Implementation of the replicated SeeDB to visualize and extract knowledge from the 'Mental Health in Tech' dataset.
This is the readme file for implementing the extension of SeeDB, and it contains the instructions to run the extension iPython notebook. Prerequisites before running the code:
- Python 3.7
- Jupyter Notebook
- PostgreSQL
- Psycopg2
Follow the below steps to run the extension iPython notebook:
- Download the 'Mental Health in Tech' dataset from https://www.kaggle.com/datasets/osmi/mental-health-in-tech-survey.
- Ensure that the PostgreSQL Database is running and the files are in the correct database.
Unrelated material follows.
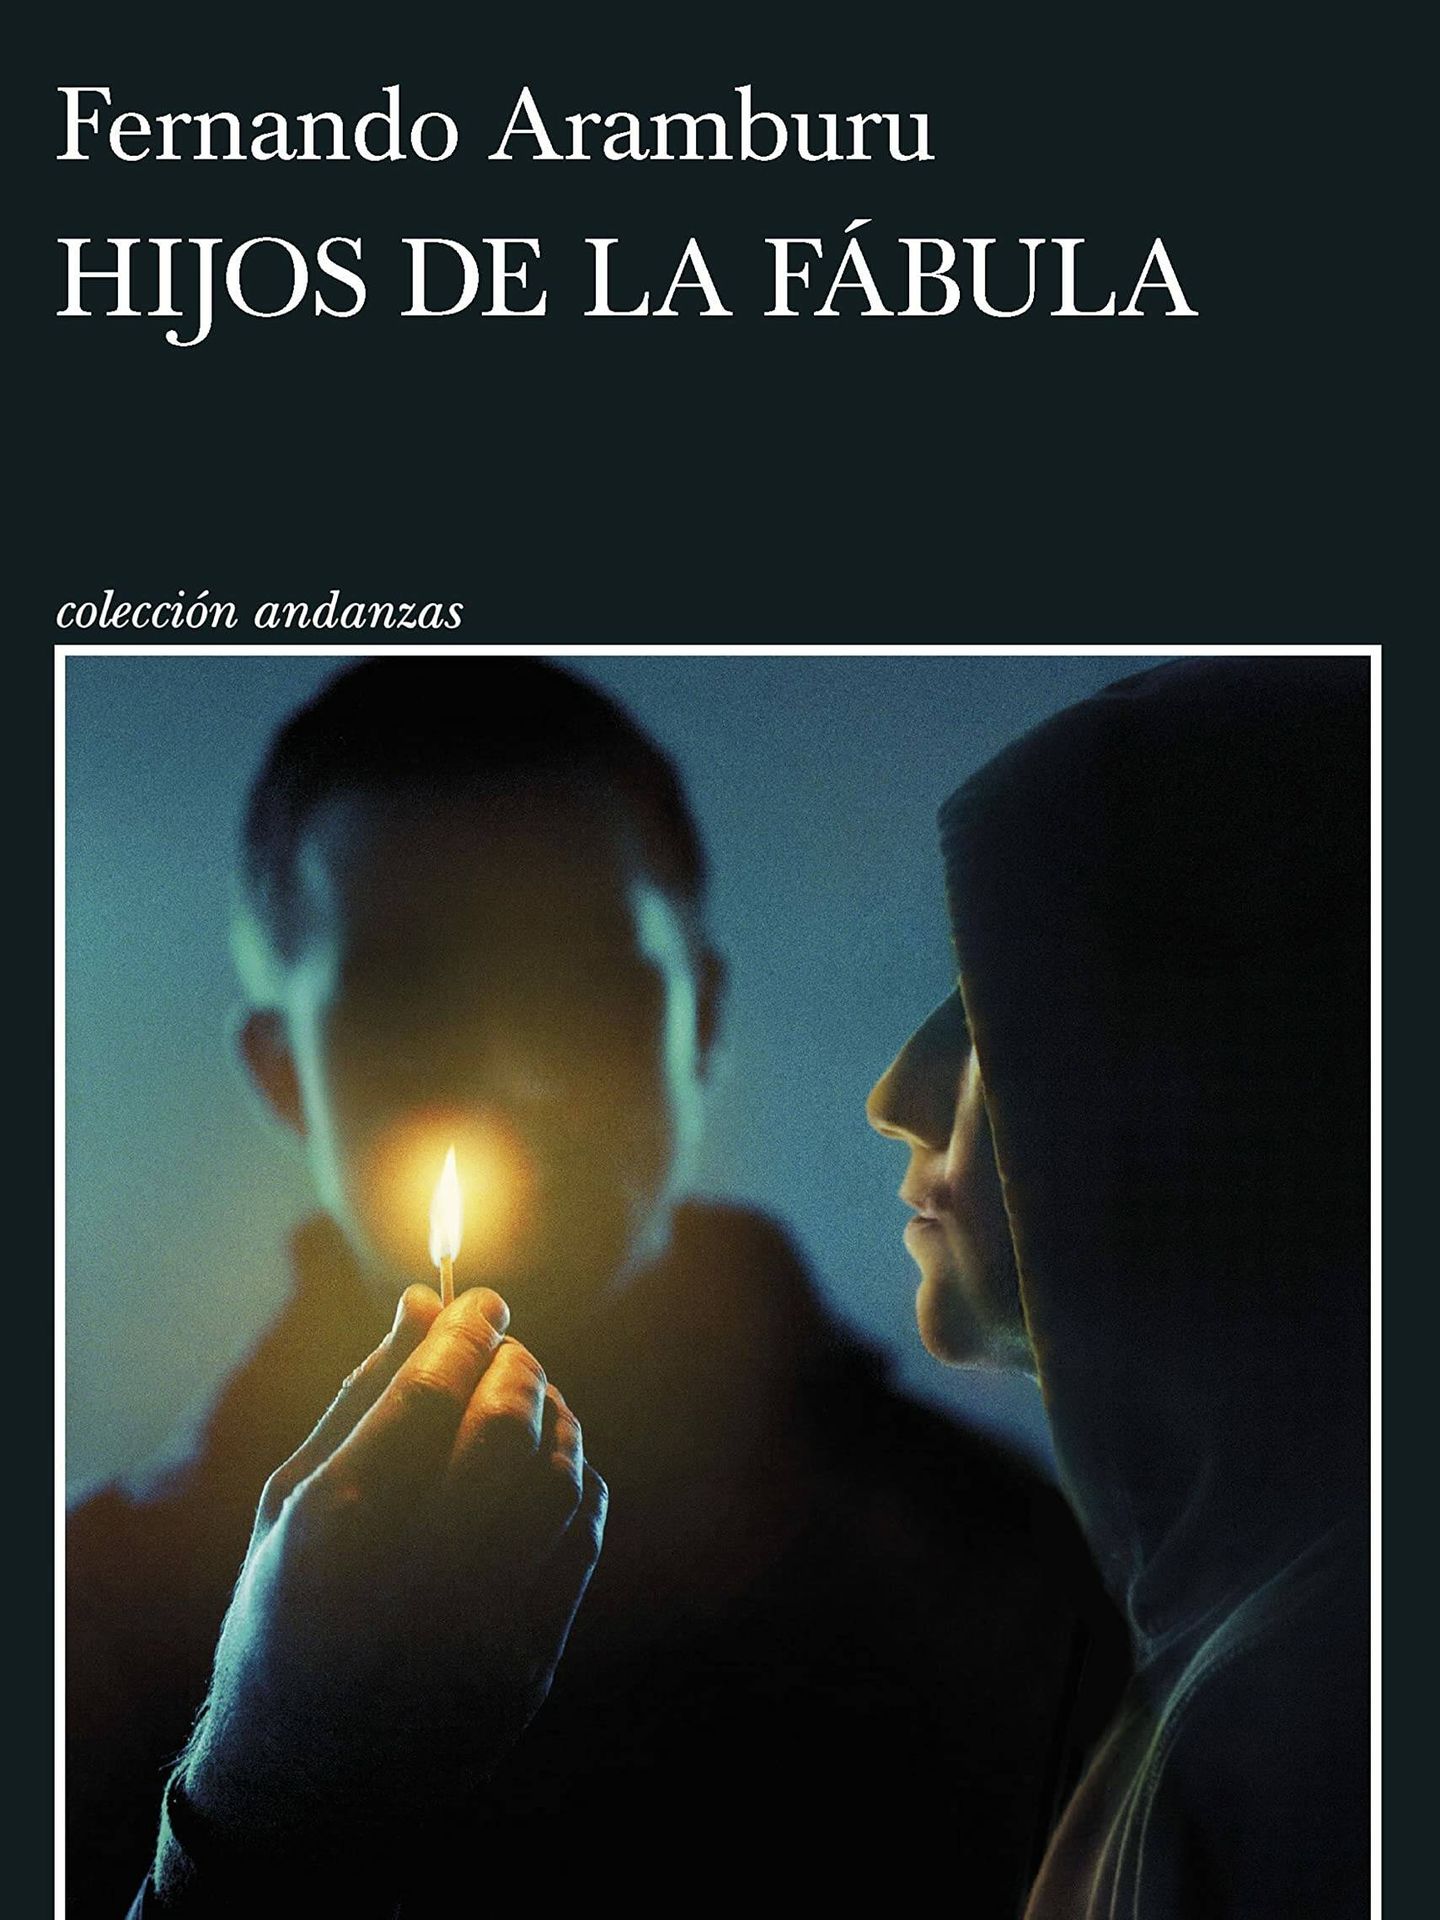 'Hijos de la fábula', de Fernando Aramburu.

- Run the SQL queries given in the “Mental-Health-in-Tech/SQLQueries_extension.sql” file. Properly update the file paths in this SQL file.
- Run the extension iPython notebook.
File paths need to be cautiously and correctly set in the functions to run the iPython notebook “Mental-Health-in-Tech/main_extension.ipynb” successfully:
- Give the file path where the original unclean dataset is downloaded to import it using the read_csv() function.
- Give the correct file paths while loading the table's data from the dataset using the SQL queries and importing the tables after obtaining the desired target and reference views.
- Give the folder's file path where the cleaned dataset is imported in the split_csv() function.